Masked Frequency Modeling for Self-Supervised Visual Pre-Training

TL;DR

This paper introduces Masked Frequency Modeling (MFM), a novel self-supervised pre-training method that masks and predicts frequency components of images, leading to improved visual representations without extra data or model complexity.

Contribution

MFM is the first to apply frequency domain masking for self-supervised visual pre-training, demonstrating its effectiveness across various models and tasks.

Findings

MFM achieves competitive image classification and segmentation results.

MFM enhances robustness against various image corruptions.

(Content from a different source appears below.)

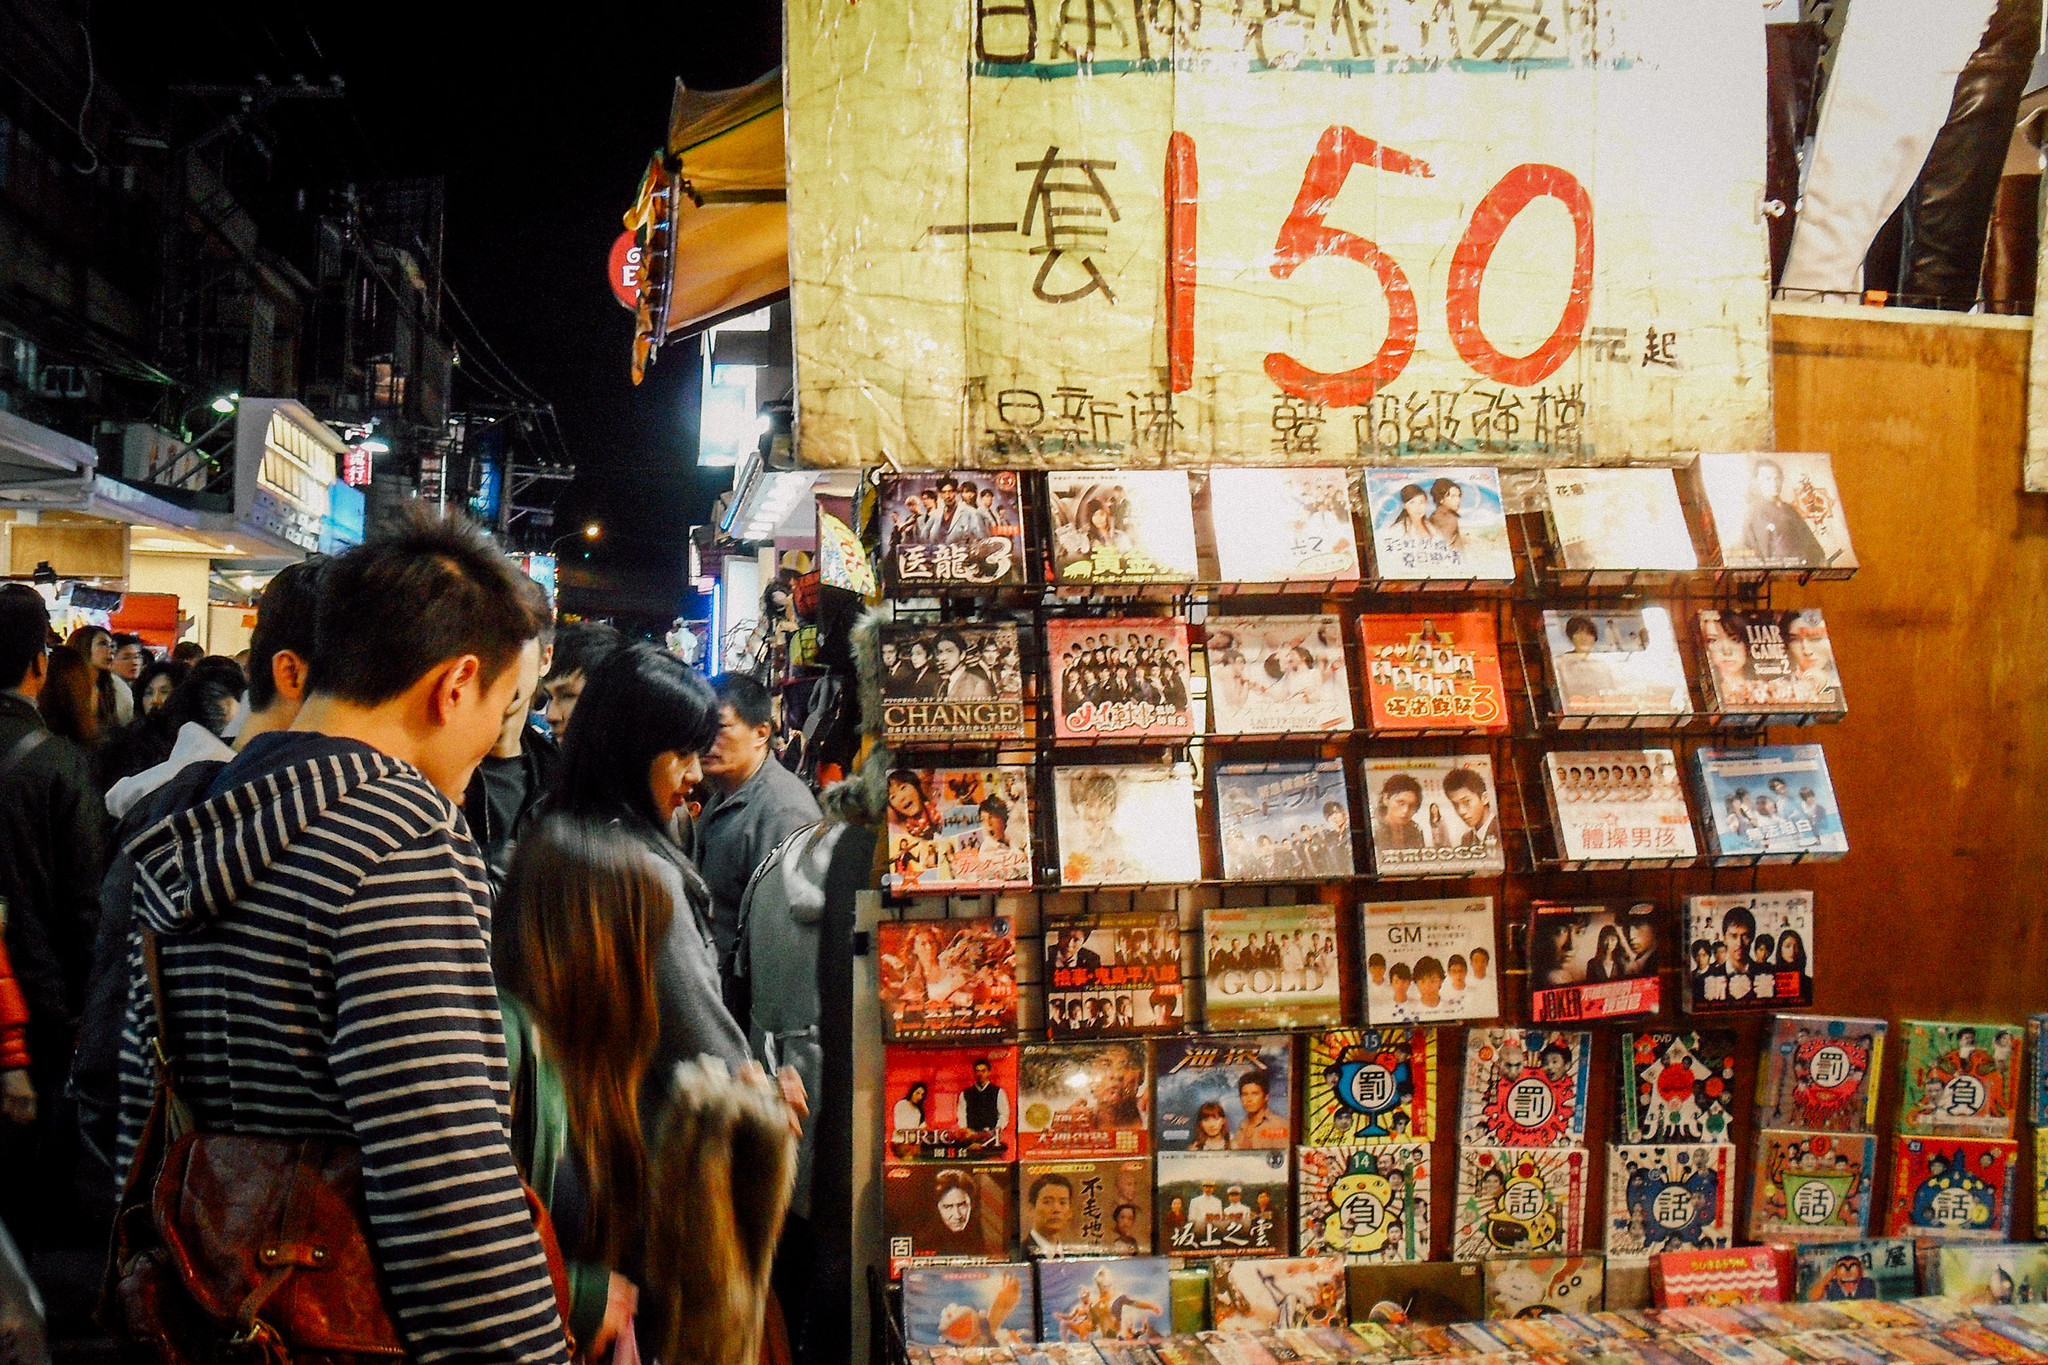 El mercado de Shilin se extiende por decenas de calles

Frequency-based masking reveals underlying image patterns more effectively.

Abstract

We present Masked Frequency Modeling (MFM), a unified frequency-domain-based approach for self-supervised pre-training of visual models. Instead of randomly inserting mask tokens to the input embeddings in the spatial domain, in this paper, we shift the perspective to the frequency domain. Specifically, MFM first masks out a portion of frequency components of the input image and then predicts the missing frequencies on the frequency spectrum. Our key insight is that predicting masked components in the frequency domain is more ideal to reveal underlying image patterns rather than predicting masked patches in the spatial domain, due to the heavy spatial redundancy. Our findings suggest that with the right configuration of mask-and-predict strategy, both the structural information within high-frequency components and the low-level statistics among low-frequency counterparts are useful in learning good representations. For the first time, MFM demonstrates that, for both ViT and CNN, a simple non-Siamese framework can learn meaningful representations even using none of the following: (i) extra data, (ii) extra model, (iii) mask token. Experimental results on image classification and semantic segmentation, as well as several robustness benchmarks show the competitive performance and advanced robustness of MFM compared with recent masked image modeling approaches. Furthermore, we also comprehensively investigate the effectiveness of classical image restoration tasks for representation learning from a unified frequency perspective and reveal their intriguing relations with our MFM approach.